Categorias: América Latina, Brasil, Ativismo Digital, Direitos Humanos, Economia e Negócios, Governança, Indígenas, Meio Ambiente, Política

O governo de Dilma Rousseff [1] mal começou e já enfrenta uma mobilização virtual, e a causa é ambiental. Em 7 de janeiro, o ministro de Minas e Energia, Edison Lobão, falou que a licença de construção da usina hidrelétrica de Belo Monte [2] seria “antecipada”, para que as obras fossem iniciadas em fevereiro próximo. Para o Ibama (Instituto Brasileiro do Meio Ambiente e dos Recursos Naturais Renováveis), o ministério ainda precisa atender exigências que comprovem a viabilidade ambiental da obra. Dias depois, em 12 de janeiro, Abelardo Bayma, presidente do Ibama, pediu exoneração do cargo que ocupava desde abril de 2010, alegando motivos pessoas. O blog Político, da revista Época, publicou, no entanto, sobre o que seria o verdadeiro motivo [3]:

Em reuniões com a diretoria da Eletronorte há dez dias, Abelardo se negou a emitir a licença definitiva para a construção da usina. Ele argumentou que o IBAMA não poderia emitir o documento porque o projeto ainda está cheio de pendências ambientais.

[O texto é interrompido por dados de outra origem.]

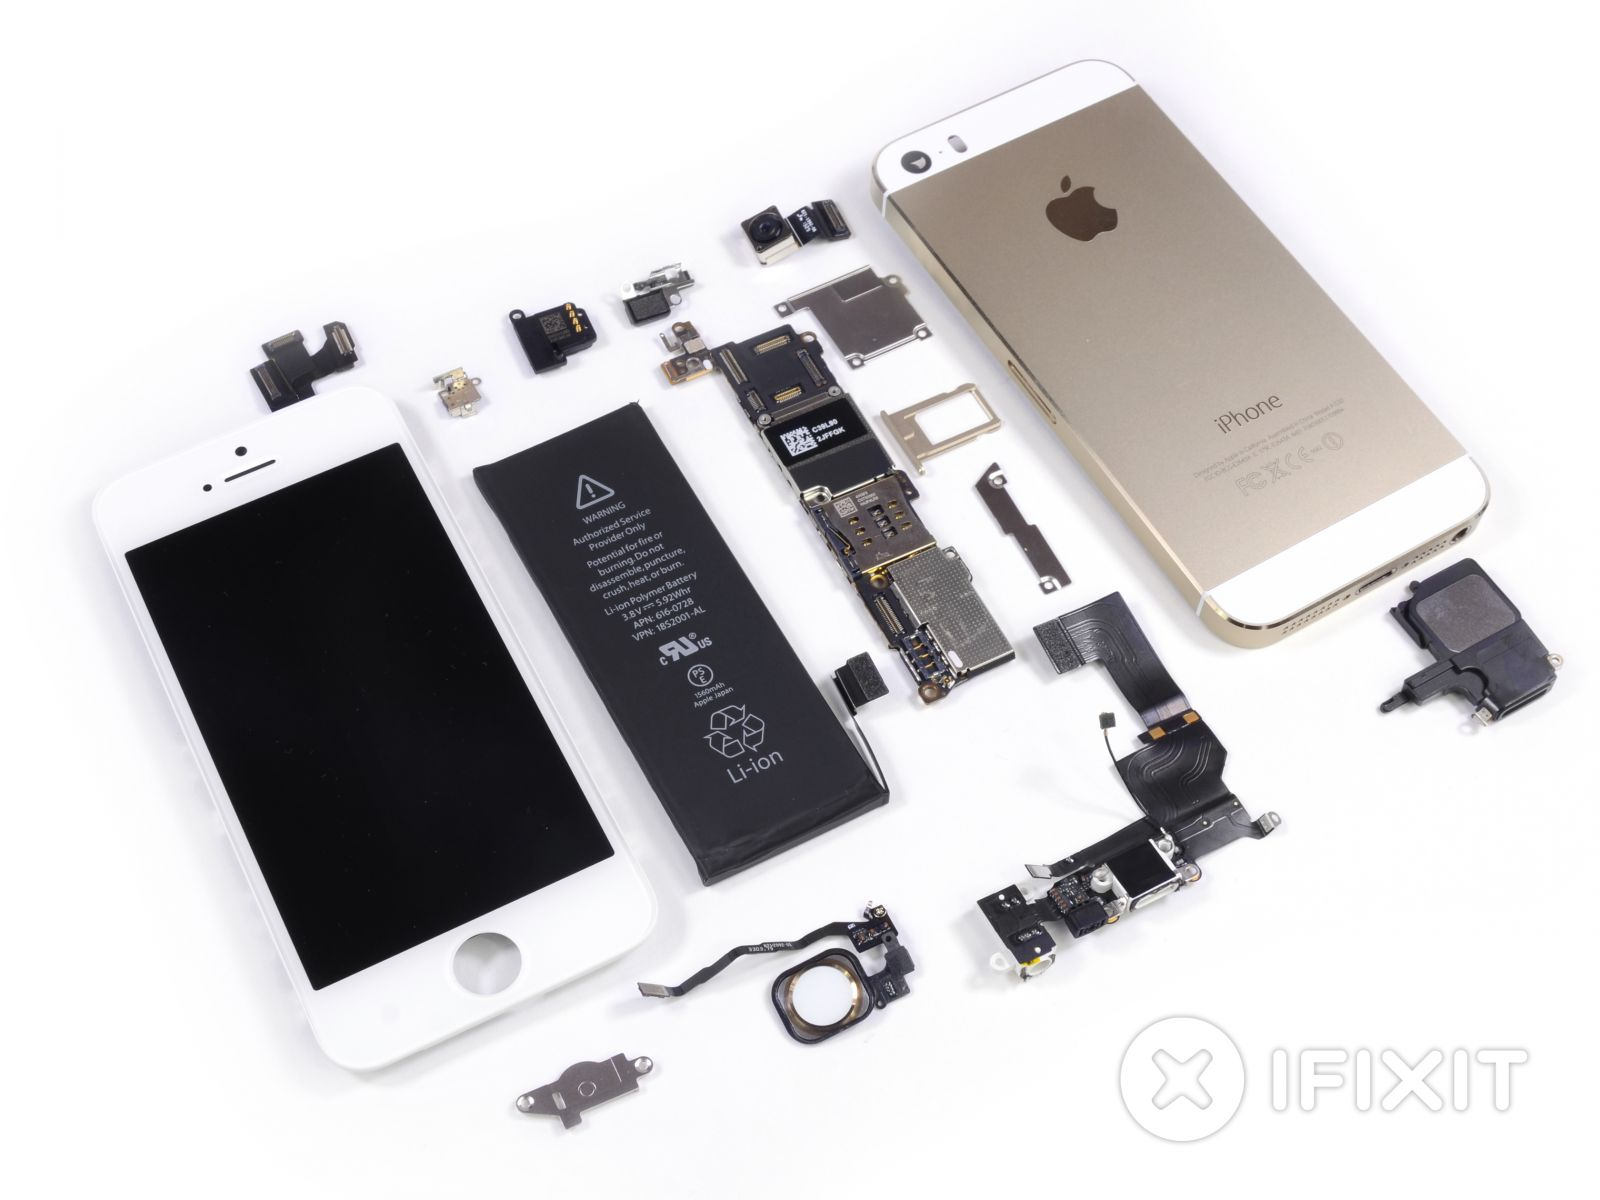 kak-razobrat-iphone-5s-01

O blogueiro e jornalista Leonardo Sakamoto considera a usina hidrelétrica de Belo Monte, que é planejada para o rio Xingu [4], no estado do Pará, “talvez a mais polêmica das obras do Programa de Aceleração do Crescimento (PAC)” – um dos principais programas do governo. Ele comenta o post [5] do blog Político e critica o projeto da usina:

De qualquer forma, o ponto é o seguinte: Belo Monte será um grande gerador de impactos sociais e ambientais. Por exemplo, o Ministério Público Federal avalia em cerca de 40 mil o total de atingidos – incluindo populações tradicionais e indígenas.

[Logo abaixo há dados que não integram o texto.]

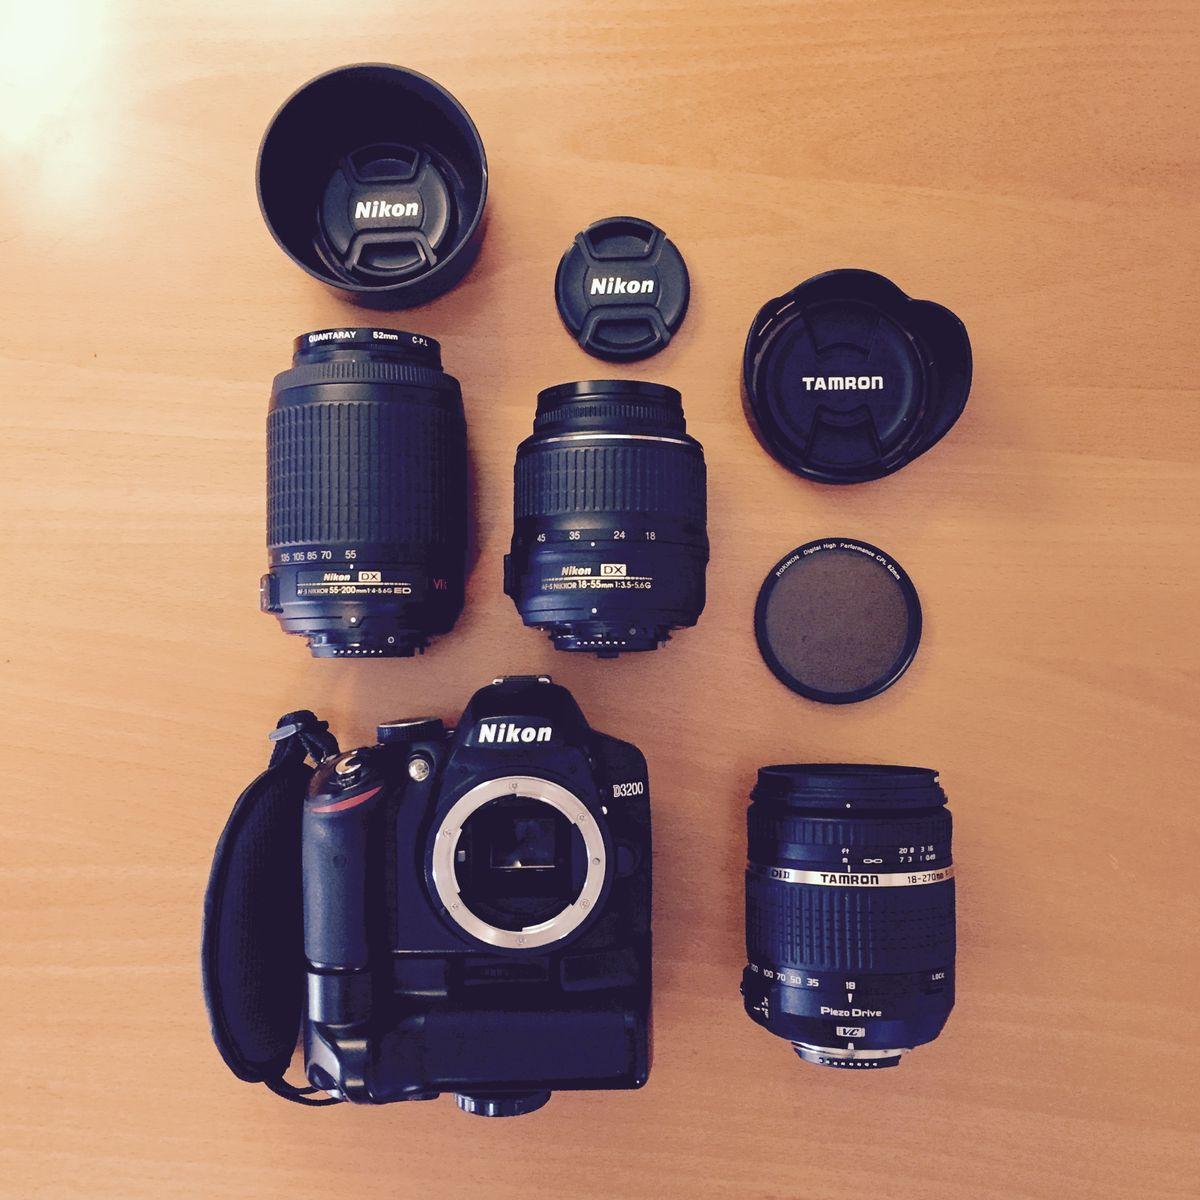 Nikon D3200.jpg

Mobilização e petição virtual

Assim que surgiu esta nova polêmica para a licença da usina de Belo Monte, o site de petições online Avaaz lançou uma petição [6], convocando assinaturas com urgência. Em 17 de janeiro, cinco dias após a criação da petição, o Avaaz orgulhosamente tornou pública a marca de 150,000 assinaturas. Naquele momento, a petição ultrapassava a marca de 275,000 assinaturas, e isso pode ser atribuído em grande parte à mobilização no Twitter. Usuários da plataforma tuitaram diversas vezes a mesma mensagem nos últimos dias:

Assine a petição contra Belo Monte: impeça este desastre ambiental na Amazônia! http://avaaz.org/parebelomonte [7]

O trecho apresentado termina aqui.